Casey and I won the debate (swinging the audience from 48-52 against to 64-36 for the resolution), but the most interesting discussion for me was not the debate itself. Instead, during the preparation, it was clear that much ultimately hinged on what Casey called “gatekeeping”: if there was a clear, compelling societal interest in closing off AI to a particular purpose, could that be done? If the answer to that was “yes,” then the many other arguments for open would carry the day. If, on the other hand, open source could not effectively prohibit at least some of the worst uses, then it seemed likely the audience would vote no.

This question is not new: policymakers and competitors have asked it for some time.
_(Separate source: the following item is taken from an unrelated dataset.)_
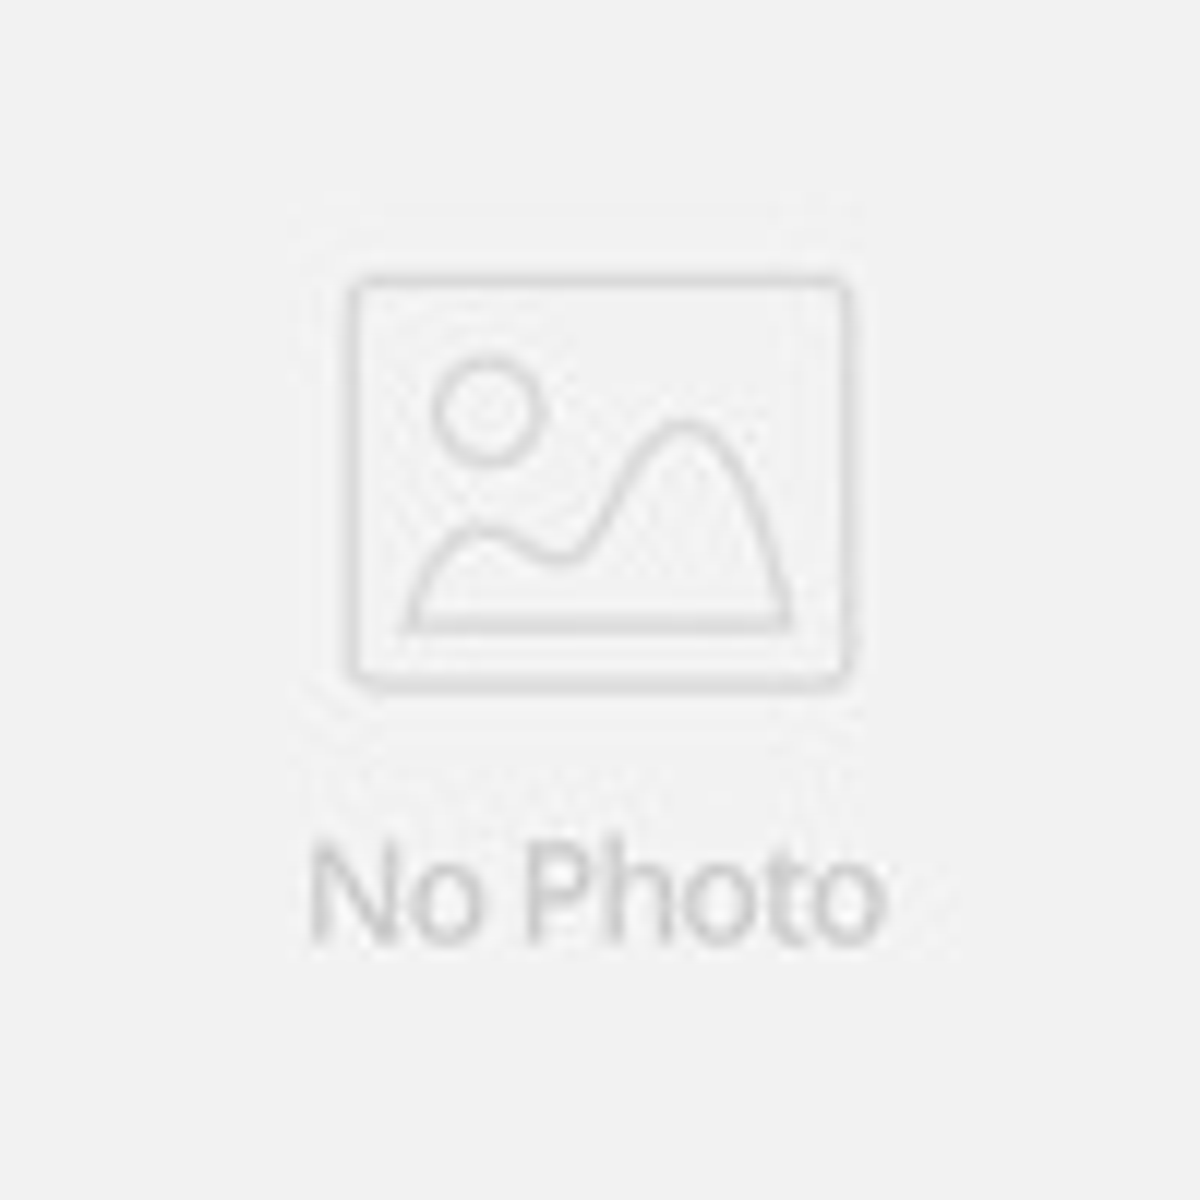 Image result for handbag photo

More recently many developers have been asking an important variation on it—“can we restrict ourselves”—as part of a push for “responsible” licensing. But, in light of the many terrible hypotheticals posed by AI advocates—and often believed by lawmakers—the question of “can open source restrict use when lawmakers require it” has taken on new urgency.

For the purposes of the debate, and debate prep, I argued that this sort of restriction is possible. To do that, I used a variety of historical examples, including how Debian and Mozilla handle US export control laws, how a variety of projects have handled patents, and (in a timely example) a discussion of how pre-AI image-modification programs have handled so-called non-consensual pornography. 
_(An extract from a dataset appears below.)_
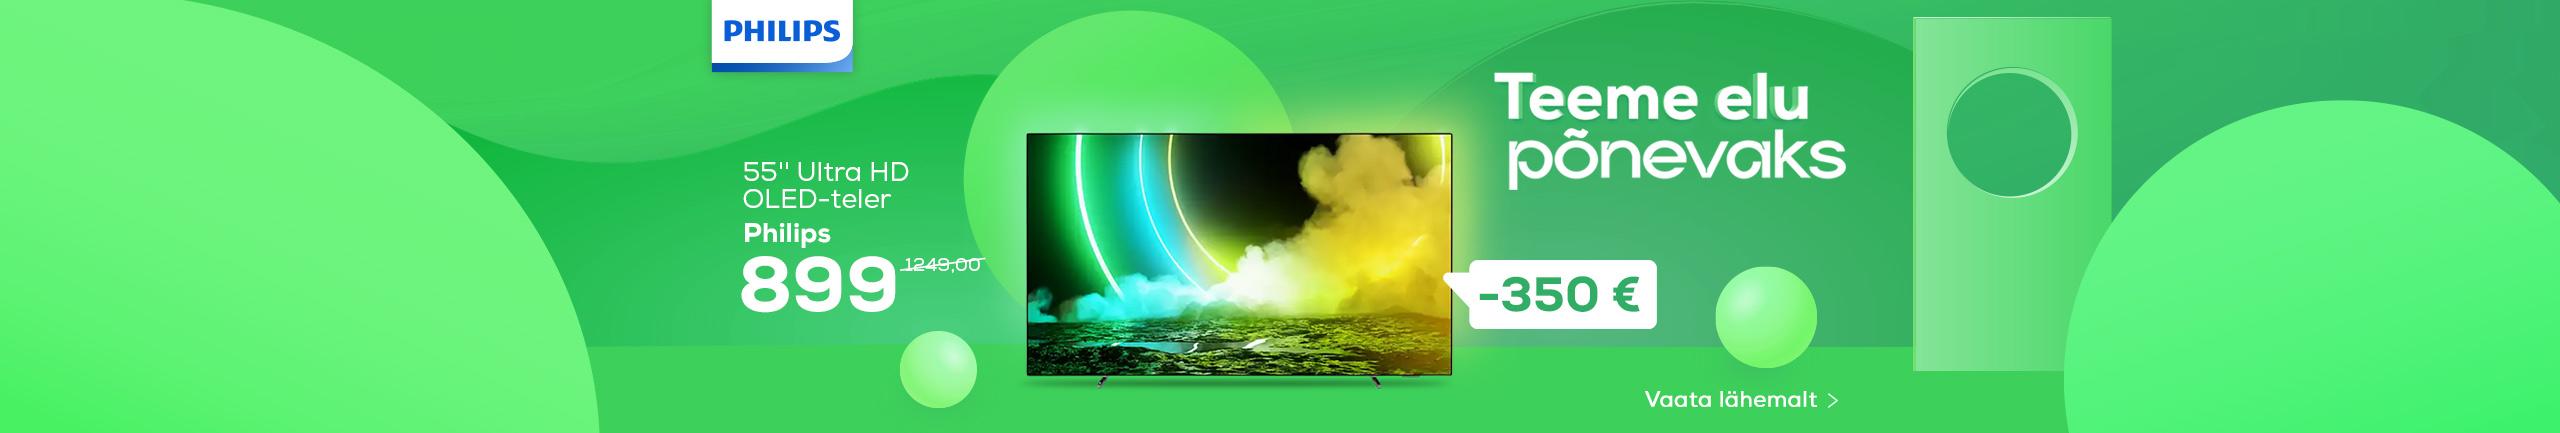 FPS Teeme elu lihtsaks, Philips TV

But outside the context of the debate, “can we restrict software when we have to” is a harder question—and one that, undoubtedly, open is going to have to grapple with.

Explaining open, sharing, and AI at Duke

Luis Villa discusses Open Source, AI, and law at Duke

Photo: Merry Rabb

From Colorado, I winged it to my own alma mater, Duke, where I was a guest of Professor Owen Astrachan for his computers and policy class. My lecture surveyed the history of open sharing, and how that may be changing in the near future.

The audience here was different (mostly students, not academics and policymakers), but the basic message (somewhat to my surprise) ended up being very much on the same topic: what restrictions is open facing, after 25 years of operating (mostly) without government-issued rules?

For the students, I started with a bit of past history: why do we share so much? How did we end up with a rule that says, in essence, “anyone must be able to use this for anything”? And then I fast-forwarded to the present–where lots of people are pushing back on that freedom. Regular readers of the Tidelift blog will be familiar with many of the themes in the lecture, from ethical licensing to security mandates. And after the talk, student questions jumped on another theme I didn’t mention but that they were quite curious about: the intersection of commercial use and open source.

Despite the familiarity, as I wrote my slides a recurring theme kept jumping out: we’re moving from an age where the open source community argued amongst ourselves about restrictions on commerce and ethics, to an age where governments aggressively impose these restrictions on our community. That’s a massive change that I don’t think we’ve yet reckoned with—and will absolutely shape the world these CompSci students graduate into.

From the lecture hall to reality

It would be nice if these topics were hypotheticals to be discussed just in lecture halls. Instead, the tension is happening out in the wild, and may come to a head this year.

Open source communities are actively discussing how to handle use restrictions in AI. The Open Source Initiative recently published an 0.0.5 revision of their “Open Source AI” definition, and Creative Commons and Open Future Europe have launched a consultation on creativity and AI as well

On the other side, as we’ve documented on the Tidelift blog, new restrictions are constantly coming down the pipe from governments. These have not yet had much bite, but it seems clear that they will only ratchet up from here. We’ll do our best to keep you updated on new government regulation impacting open source via our government open source cybersecurity resource center and I’ll continue to bring you the perspectives on the developments I find most interesting and impactful here on the Tidelift blog.